An unexpected benefit of having a bartender dad who is friends with everyone that we still laugh about today, 35 years later, is the amount of money we could rake in for our school donations and drives. My sister Taneem and I would proudly march into class a day after receiving our fundraising forms with hundreds of names scrawled onto our sheet and pledges totaling $1,000 or more - not bad for a 3rd grader. Mr. Tourand must’ve had his suspicions of what sort of money laundering scheme we were cooking up at home, but if he did, he never let on.

The patrons who frequented Dad’s pubs were a colorful bunch. A  milieu of neighborhood blue collar workers, many who lived well below the poverty line. Wednesdays  were particularly interesting.

They handed over their dollars without hesitation when dad told them his kiddos were selling x (x = chocolate bars, books, tchotchkes, you name it) for their school donation drive. We wrote thank you cards to each of our generous donors and a seed of gratitude in me was planted. I was thankful. I found beauty in their strange kindness towards me, enjoying the fruits of my father’s labor - the time he invested and the meaningful, very real relationships he forged in this unusual community. 


He saw them and in return, felt seen. Ironically, other than sharing close proximity each day for years, my father didn’t have a whole lot in common with his patrons. For one thing, he doesn’t drink and never has. He had no firsthand knowledge of the bar goers point of view - literally and figuratively, but he was damn good at empathy. I suspect his emigration to the US was filled with the same sorts of deep highs and lows - alcohol induced or not. 

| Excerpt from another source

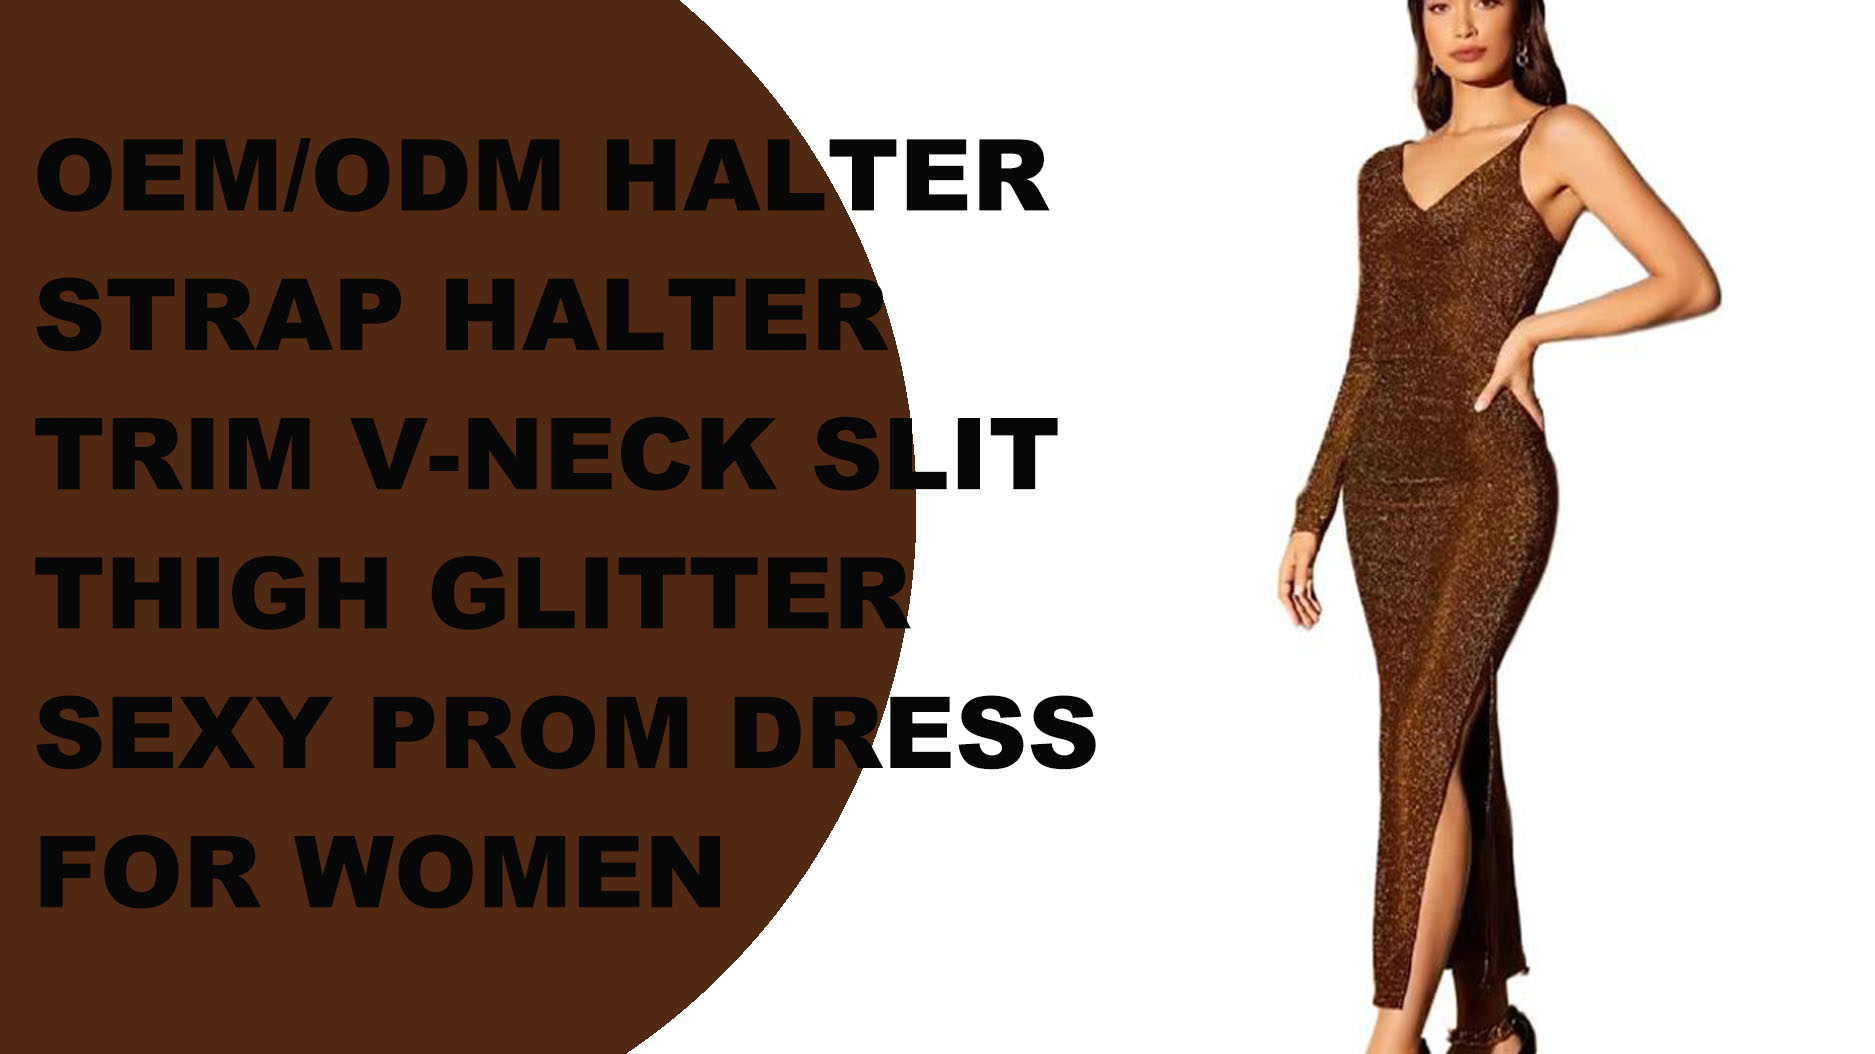 OEM/ODM Halter ժապավեն Halter Trim V-neck կտրվածք ազդրի փայլուն սեքսուալ ՊՐՈՄ զգեստ կանանց համար

I think about what it might have been like to experience such culture shock as a foreigner. Despite the challenges and the reasons to be suspicious or fearful of new people and things, mom and dad moved towards strangers instead of away from them. They cultivated a skill of searching for beauty in ugly places and became accustomed to finding it. Empathy cultivation is a skillset we talk about a lot at our studio, along with other core values that we aspire to embody, such as honoring each staff’s (as well as our clients) unique lived experience. 


Because everyone has a story to tell.